THRAY format specification
Work in progress.
(This is an informal specification of the THRAY format. In the future, an RFC may be planned.)
The THRAY format is a superset of JSON. The format extends JSON with support for comments and more data types.
Like JSON, THRAY is a text format, that is, a sequence of characters where each character is a Unicode code point.
Conventions used in this document
The grammar syntax used in this specification is ABNF as defined in RFC 5234 and RFC 7405.
Document
The text representing a valid THRAY format is called a THRAY document. A THRAY document contains a THRAY value with optional whitespace and comments.
document = value-with-wsc
value = null /
boolean /
float /
integer /
string /
binary /
array /
object /
extension
Null data type
The null data type can be used to represent an absence of a value. It has only one case-sensitive token.
null = %s"null"
Boolean data type
The boolean data type represents a boolean value. It has only two case-sensitive tokens.
boolean = %s"true" / %s"false"
Numbers
Unlike in JSON, numbers have two distinct data types: integer and float.

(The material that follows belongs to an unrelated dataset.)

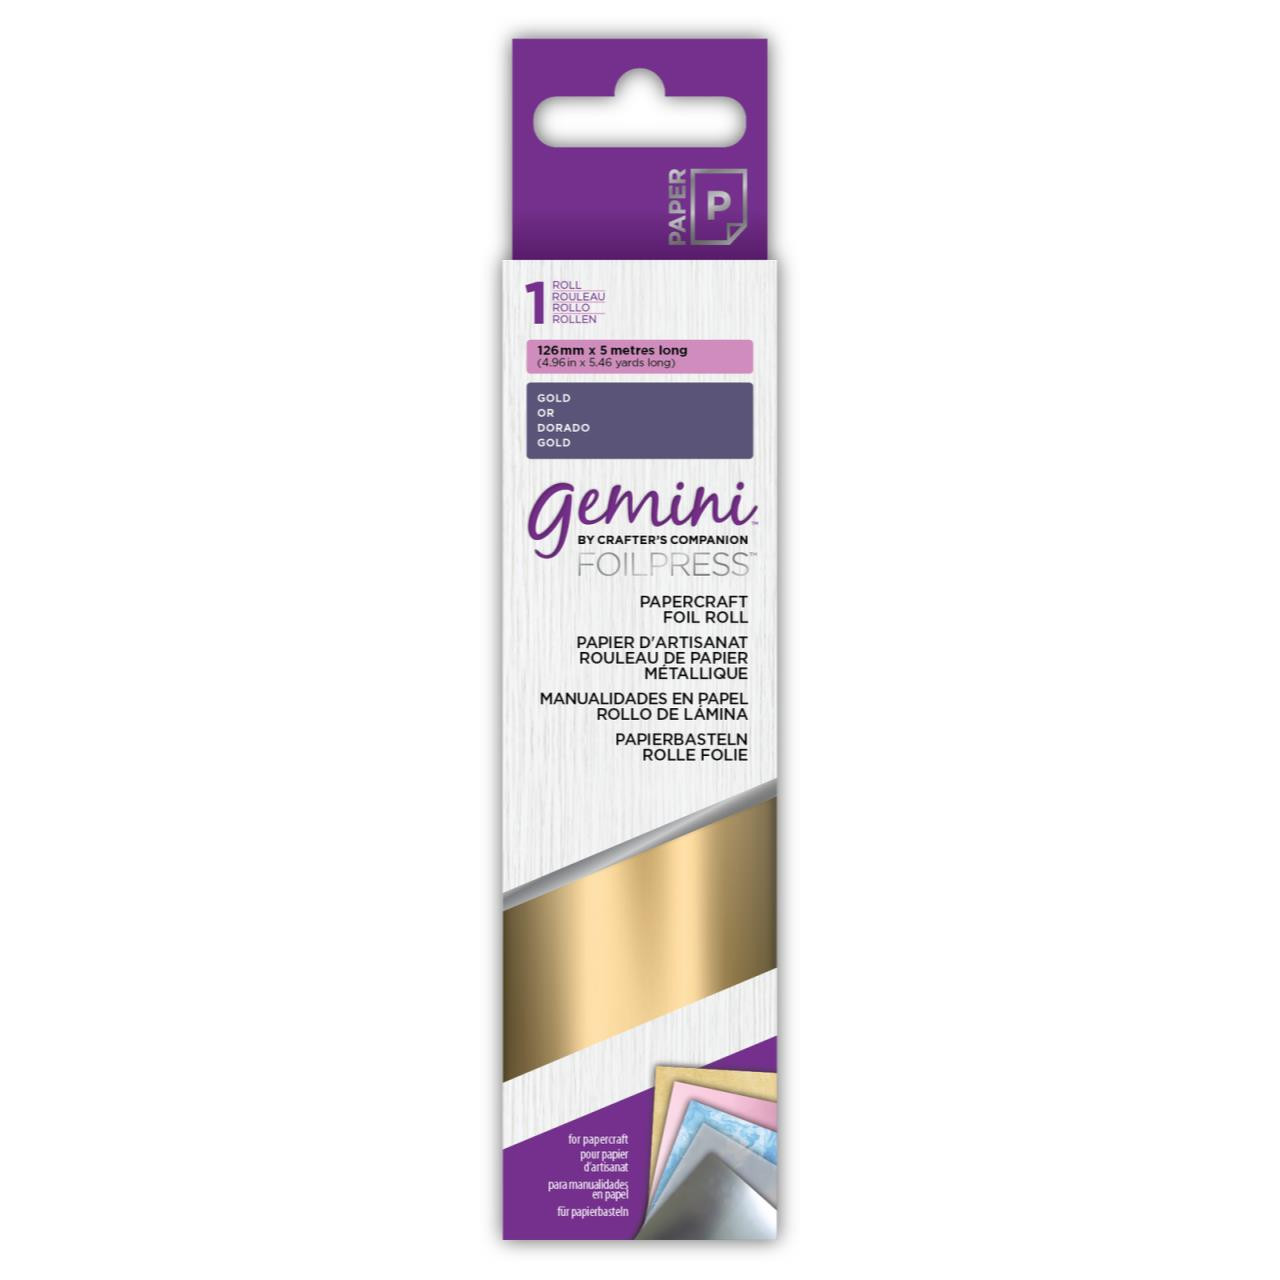 Gold, Gemini FoilPress Papercraft Foil Rolls - 709650879447

Numbers can be prefixed with optional character +
or -
to indicate sign.
Digits are sequence of one or characters for the appropriate base. Digits can be grouped using an underscore (_
) to increase readability. The grouping character must be preceded and followed by a digit character.
sign = "+" / "-"
digits-with-groups = 1*DIGIT *( "_" 1*DIGIT )
hex-digits-with-groups = 1*HEXDIG *( "_" 1*HEXDIG )
Integer data type
The integer data type represents whole numbers. Integers can be expressed in decimal or hexadecimal notations.
A base 10 integer is a sequence of digits. The set of characters for digits range from “0” to “9” inclusive.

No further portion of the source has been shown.